In 2015, the European Space Agency (ESA) lunched the Sentinel-2A satellite and in 2017, the Sentinel-2 constellation was extended with Sentiel-2B satellite. The Sentinel-2 tandem has several advantages comparing to existing Earth Observation systems used for forest defoliation assessment up to now (Drusch et al., Citation2012). The data have comparable spatial resolution to commercial SPOT or RapidEye systems but are free of charge. Comparing to the Landsat mission the Sentinel-2 provides the red-edge spectral bands what extends its potential usefulness for analysis of vegetation. Sentinel-2 data clearly surpass the MODIS data in context of spatial resolution (10–20 vs. 250 m). For these reasons, it seems to be justified to investigate the potential suitability of Sentinal-2 data for forest defoliation assessment.

The usefulness of VIs derived from Sentinel-2 data for estimation of Scots pine stands defoliation has not been investigated before to our knowledge. There is also limited number of studies where machine-learning (ML) methods were used in context of forest defoliation analysis (Adelabu et al., Citation2014; Kantola et al., Citation2010; Marx & Kleinschmit, Citation2017).
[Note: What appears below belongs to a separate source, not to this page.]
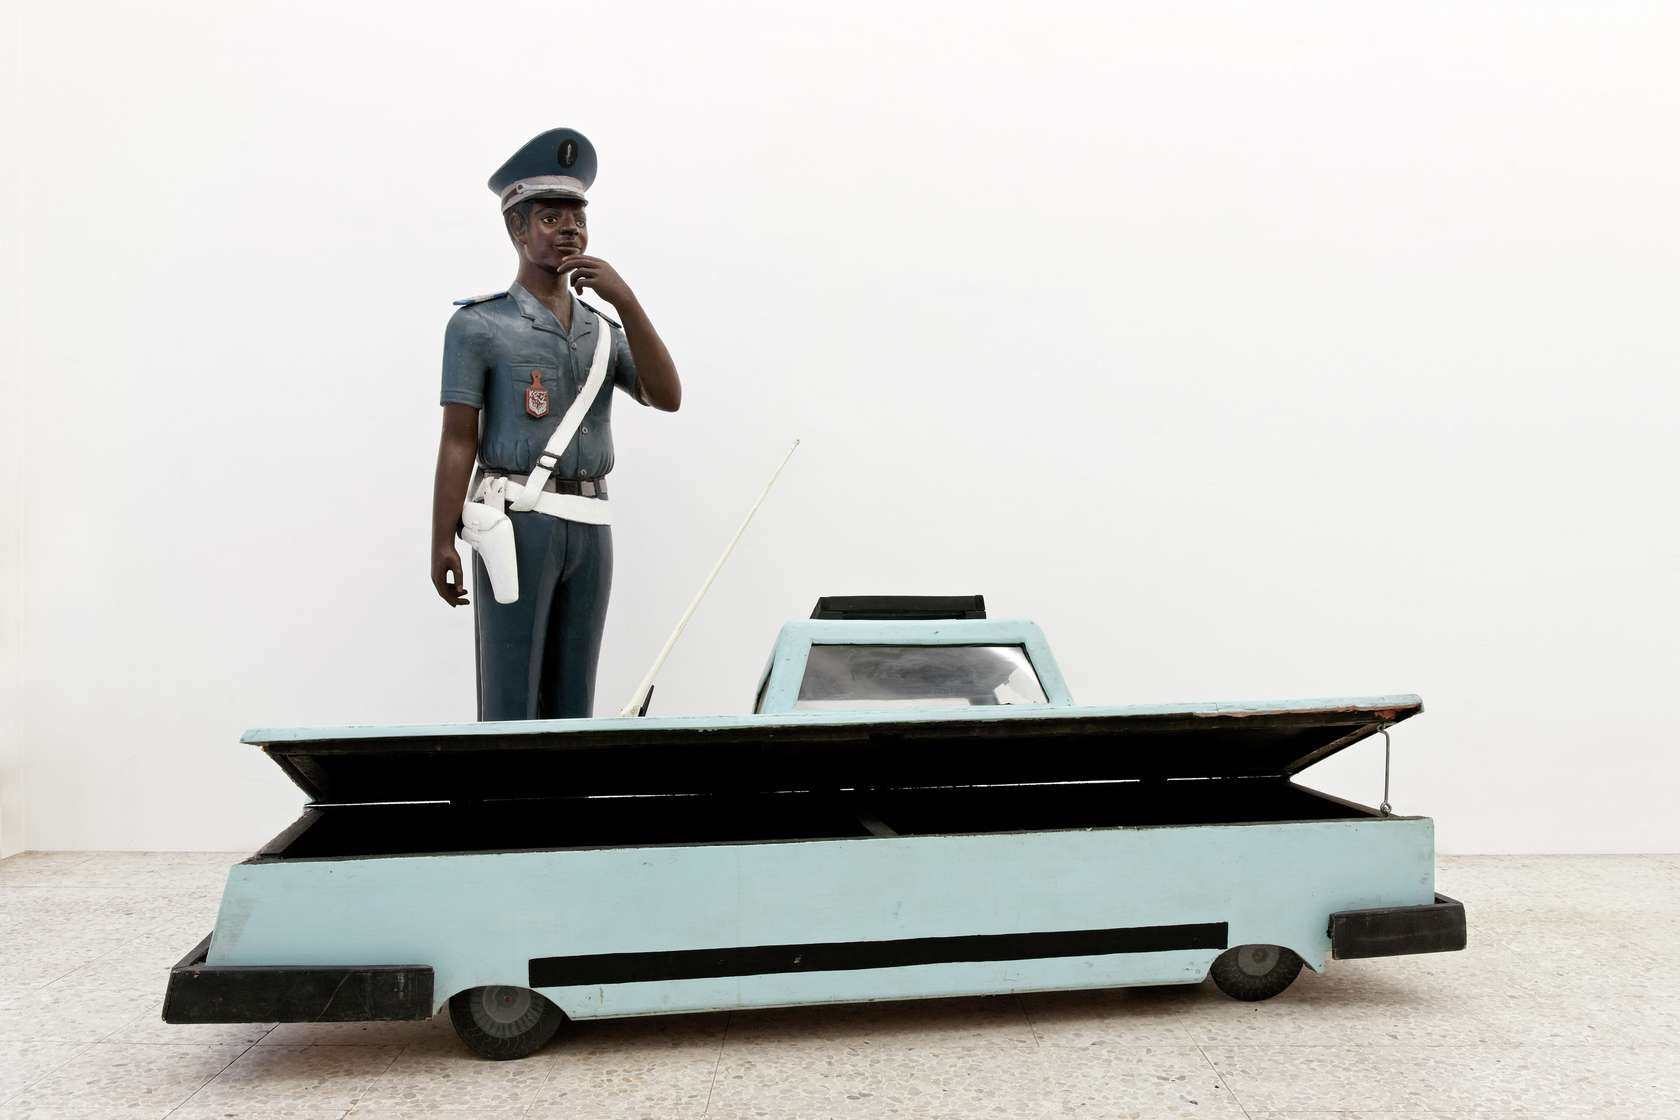 Présence Panchounette, Traffic, 1985 Mercedes-cercueuil en bois peint (par Kane Kwei), statue en bois peint (par Nicolas Damas), statuettes touristiques d'éléphants et baladeurCerceuil / Coffin 57 × 205.5 × 52.5 cm / 22 1/2 × 80 7/8 × 20 5/8 in.Sculpture 168 × 53 × 48 cm / 66 1/8 × 20 7/8 × 18 7/8 in.

Based on the experience of other researchers who investigated variety of satellite sensors for forest defoliation assessment, we see Sentinel-2 images as a valuable source of data for such applications. In this context, the two main goals of the study were defined (1) to identify the most robust Sentinel-2-derived VIs for Scots pine stands defoliation assessment at plot level regardless of applied ML method and (2) to compare the performance of regression and classification models created based on different ML approaches.

Materials and methods

Study area

The study area of approximately 10,000 km2 was located in the western Poland including the Puszcza Notecka Forest, one of the largest contiguous forest complexes in Poland (). The forest stands in this region are dominated by Scots pine (Pinus sylvestris L.) which covers 88% of the study area. The study site was selected based on annual reports about condition of forests prepared by The Polish State Forests (Milewski, Citation2015). The idea was to select a site were defoliation of Scots pine stands can be observed. According to the report in the selected region, there was observed an increased occurrence of Pine-tree lappet (Dendrolimus pini L.) which is one of the main insect defoliator of Scots pine forests in Poland during last years.

Figure 1. Location of the study area. “Treecover 2000” was obtained from Global Forest Change (Hansen et al., Citation2013).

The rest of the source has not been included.